The uniqueness that is Jesus does not exclude us from participation in his servant ways. We can—we must—participate in Jesus’ work the way Jesus did it and does it and only in the way Jesus did and does it, obedient and joyful servants as we follow our servant Savior who “came not to be served but to serve, and to give his life a ransom for many” (Mark 10:45) (179).

Sin is not redeemed by scrubbing it out of existence but by taking it in as a sacrifice that makes “many to be accounted righteous.” This is obviously what Jesus did. We, of course, are not Jesus; we cannot do this in and of ourselves. But we can participate in what Jesus does with the sins of the world, the sins in the church, the sins in our family, as he takes and suffers them. We can enter the way of Jesus’ cross and becomes participants in Jesus’ reconciliation of the world.

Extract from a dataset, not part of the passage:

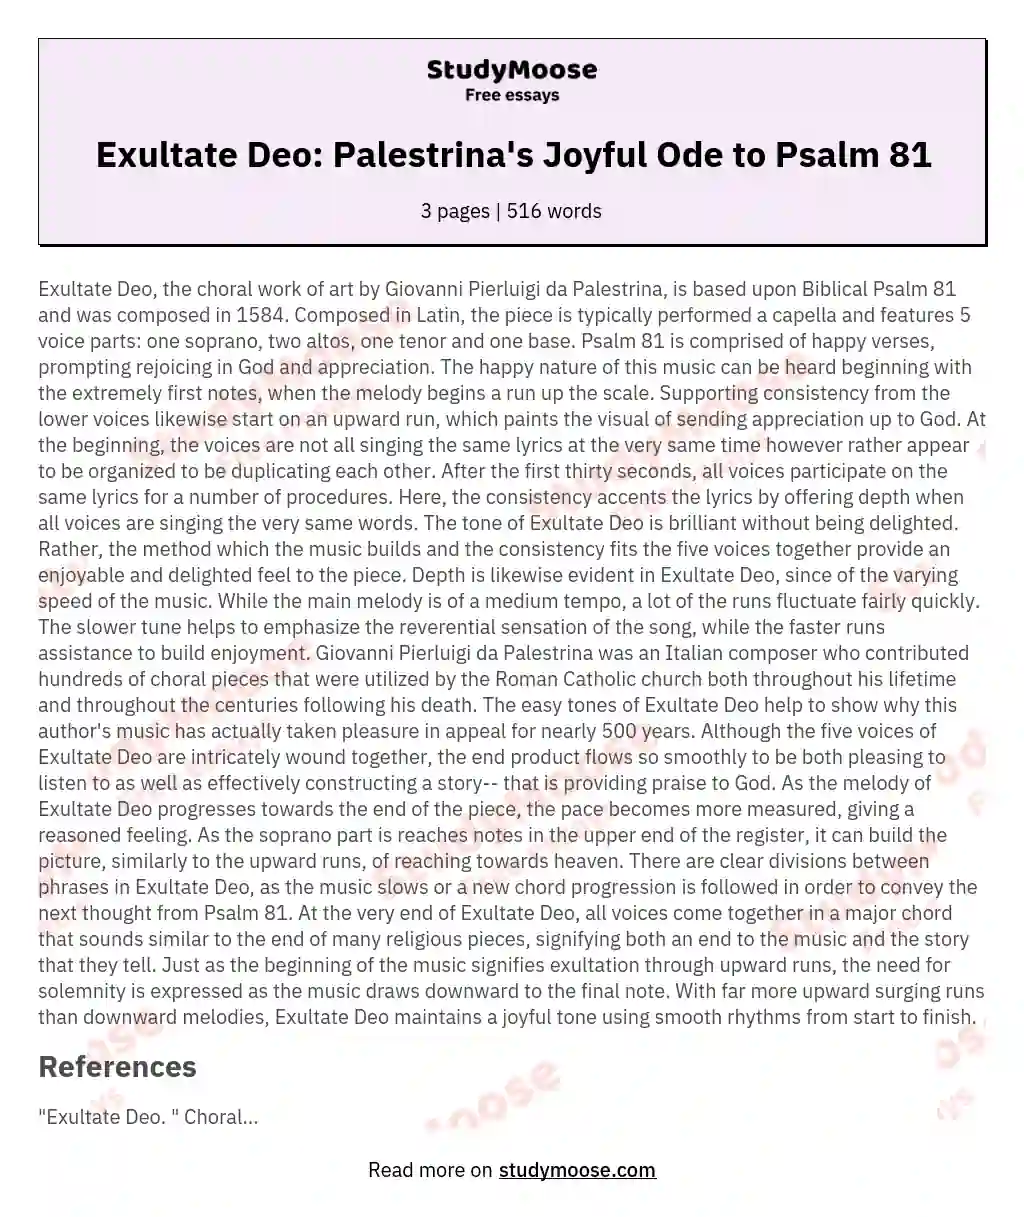 Exultate Deo: Palestrina's Joyful Ode to Psalm 81 essay

Salvation is not escape from what is wrong but a deep, reconciling embrace of all that is wrong.

This is a radical shift from condemning sin and sinners—an ugly business at best. We no longer stand around as amused or disapproving spectators of the sins or troubles of others but become fellow sufferers and participants in the sacrificial life of Jesus (184).
Aaron Orendorff
Dealing with the sins of others is messy work. The points of contact where another person’s sin overlaps with our own disheveled lives often feel like war-zones. It makes little difference whether we’re the one’s actually being sinned against or if we’re simply “collateral damage.” Pain is still pain. Dealing with sin—in whatever form—defiles and deconstructs. The wages of sin is death (inescapably).

In those moments, what we want (or rather I should say: what I want, what I desperately want) is to simply do away with it, to condemn it—sin and sinner alike—to escape it, to “scrub it out” and wash my hands of the whole affair. It’s always easier to just avoid the business of other people’s sin, to check-out, to distance ourselves from the mess, create a fortress and hunker down.

The way of the gospel, however, will not allow this. The way of the gospel calls us not to condemn sin but to bear it. To enter in, with eyes wide-open to the pain and dirt of their trouble. The gospel calls us to give our lives away—our emotions, financial security, reputations, health—as an act of saying, “I believe in Jesus. I believe in his way. I will suffer your sin, not reject it; I will suffer it with you as he suffered for me.”

The degree to which we suffer the sins of others is the degree to which we have understood how Jesus suffered for ours.